她深吸一口气,擦干眼泪,开始收拾房间。动作机械而麻木,仿佛灵魂已经抽离,只剩下一具空壳在重复着既定的程序。
然而,就在她转身的那一刻,浴室的门突然开了。陆宴臣走了出来,身上带着刚沐浴完的水汽,头发还有些湿润。他走到林浅面前,再次蹲下身,这次,他的目光落在了她沾着灰尘的膝盖上。
“刚才,你抖得很厉害。”他淡淡地说道,手指轻轻抚过她膝盖上因跪姿而留下的红痕,“是因为害怕,还是因为兴奋?”
林浅浑身一僵,心脏剧烈跳动,几乎要跳出胸膛。她不敢回答,只能死死咬着嘴唇,直到尝到血腥味。
陆宴臣看着她隐忍的模样,眼中闪过一丝满足。他站起身,整理了一下衣领,仿佛刚才的一切从未发生过。“记住,林浅。你的味道,只能由我来定义。除此之外,任何人都没有资格靠近你,包括你自己。”
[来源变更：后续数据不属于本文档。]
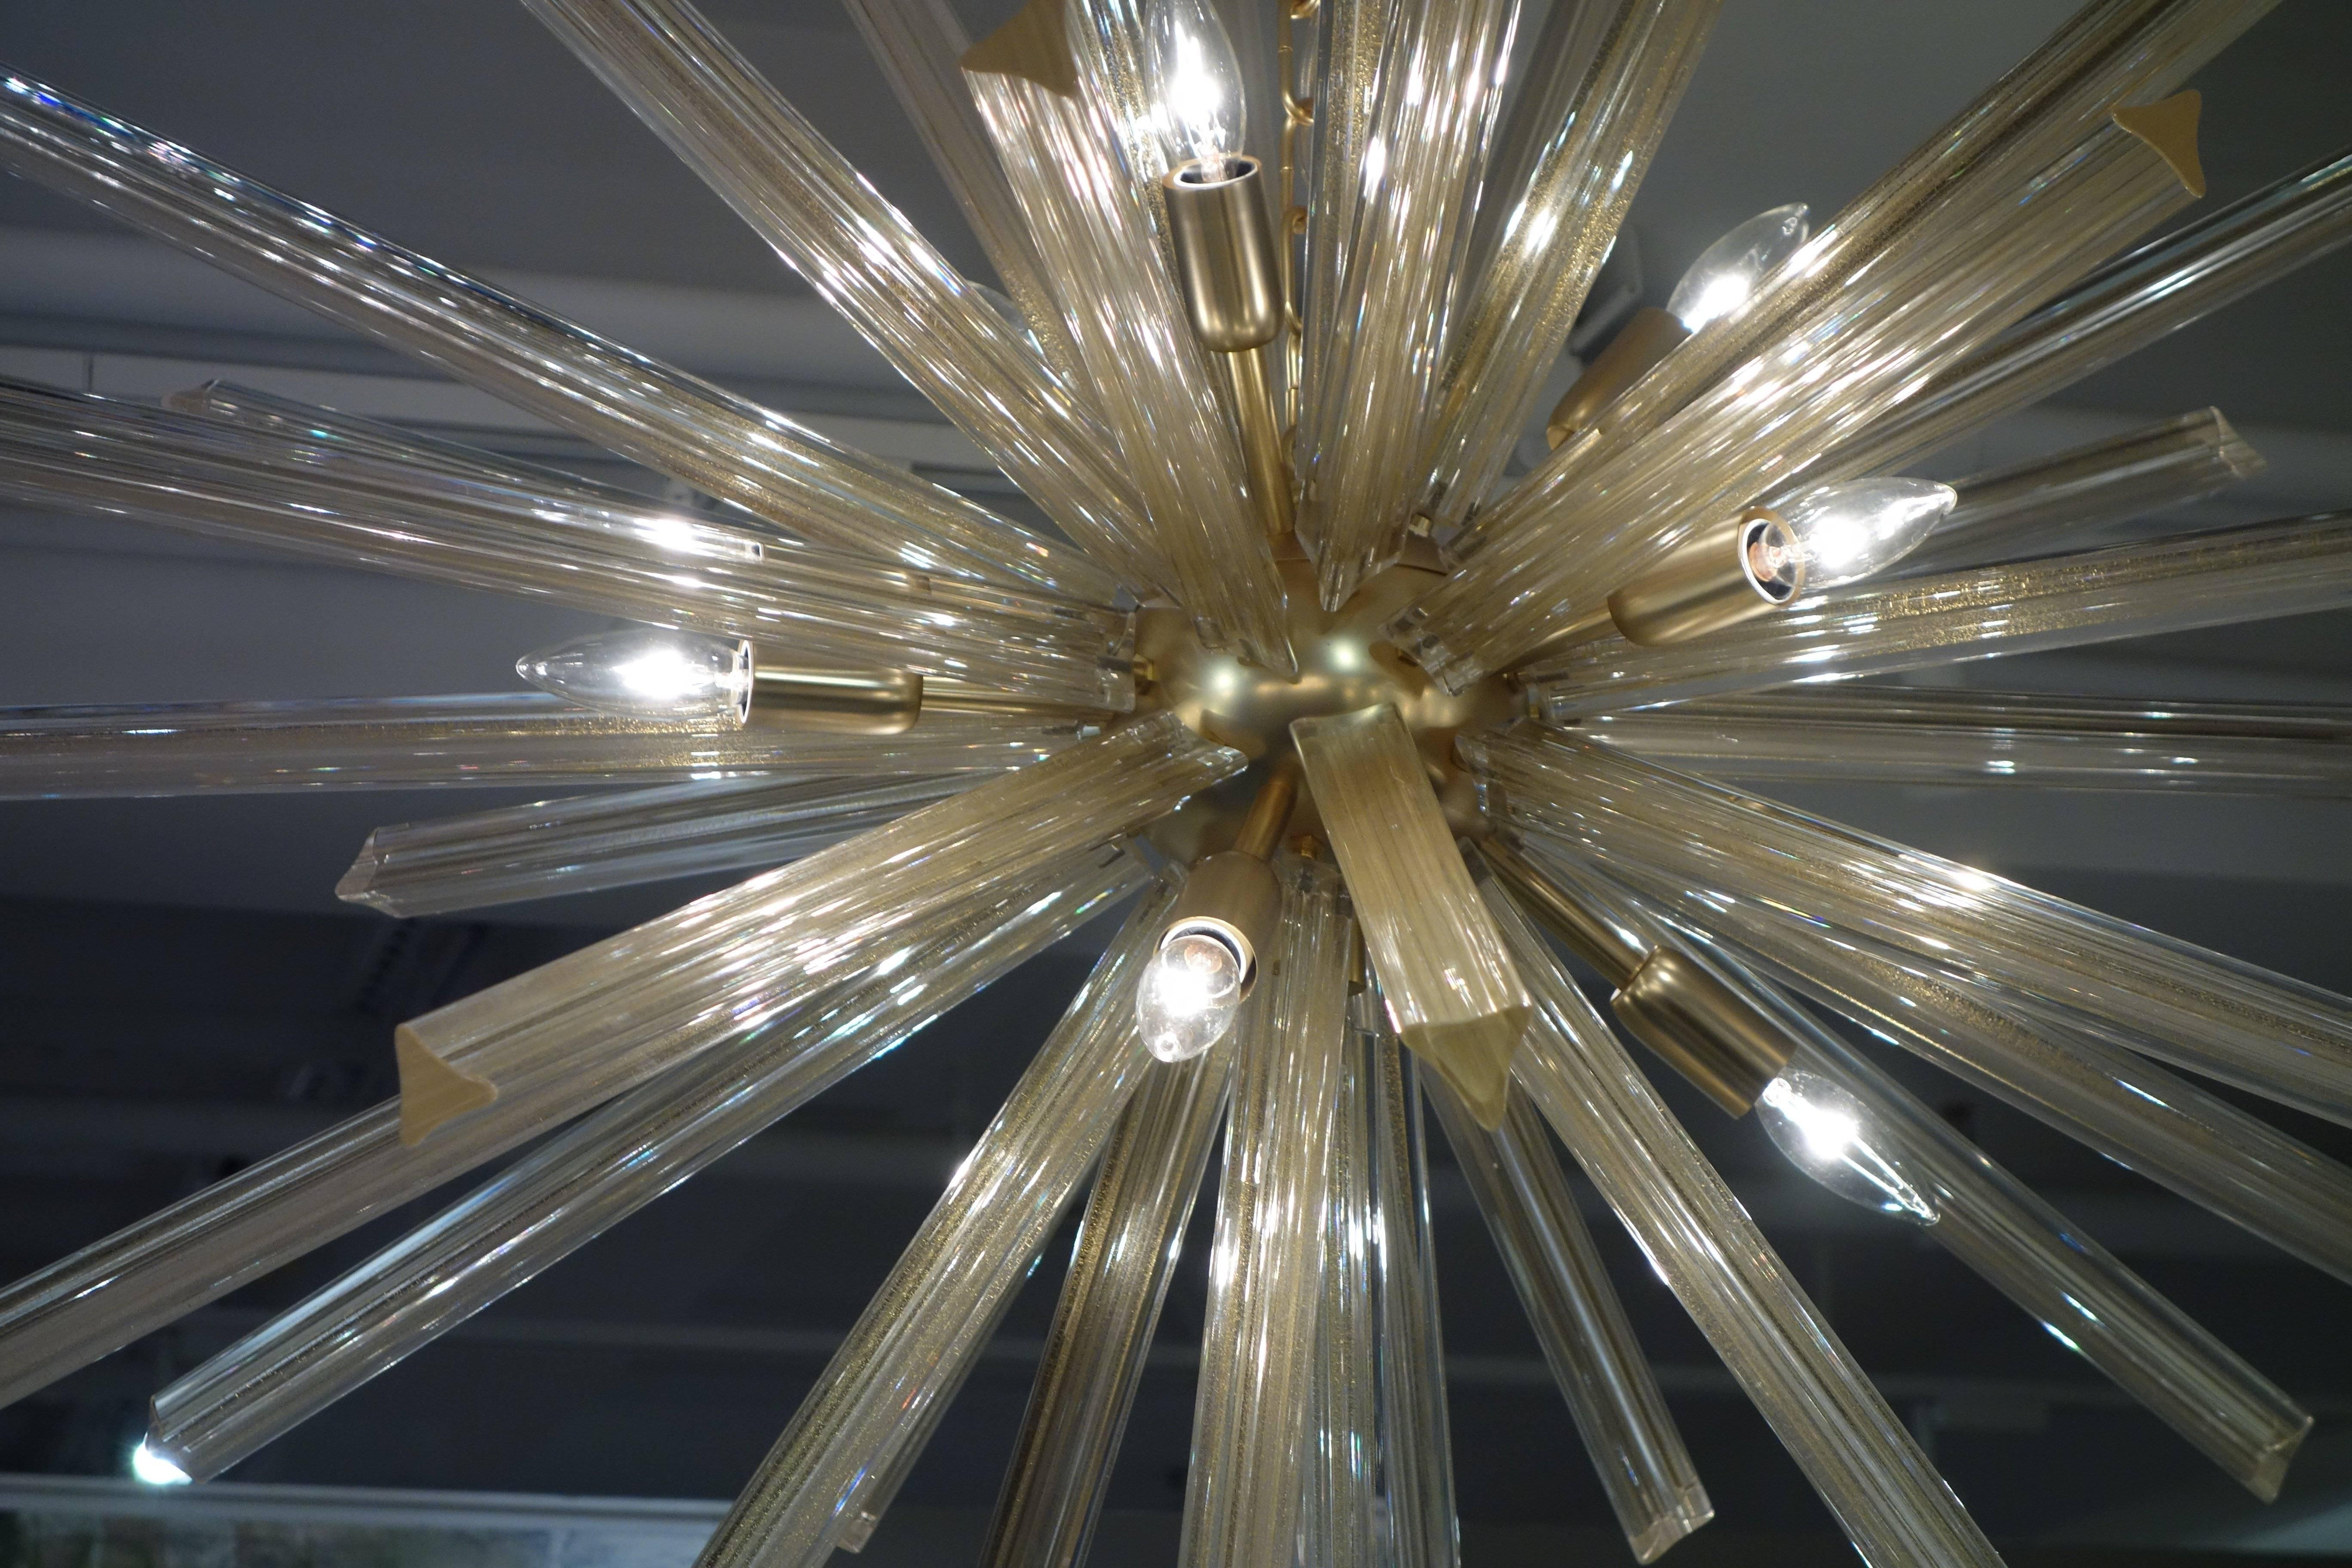 gold sputnik chandelier

说完,他径直走向门口,背影决绝而冷漠。随着门再次关上,房间重新陷入死寂。
林浅靠着墙壁,缓缓滑坐在地上。她抱住双膝,将脸埋进臂弯,无声地痛哭起来。她知道,这场噩梦,才刚刚开始。而那个曾经让她心动的男人,如今已成为她无法挣脱的枷锁,死死地禁锢着她的呼吸,她的味道,乃至她的一切。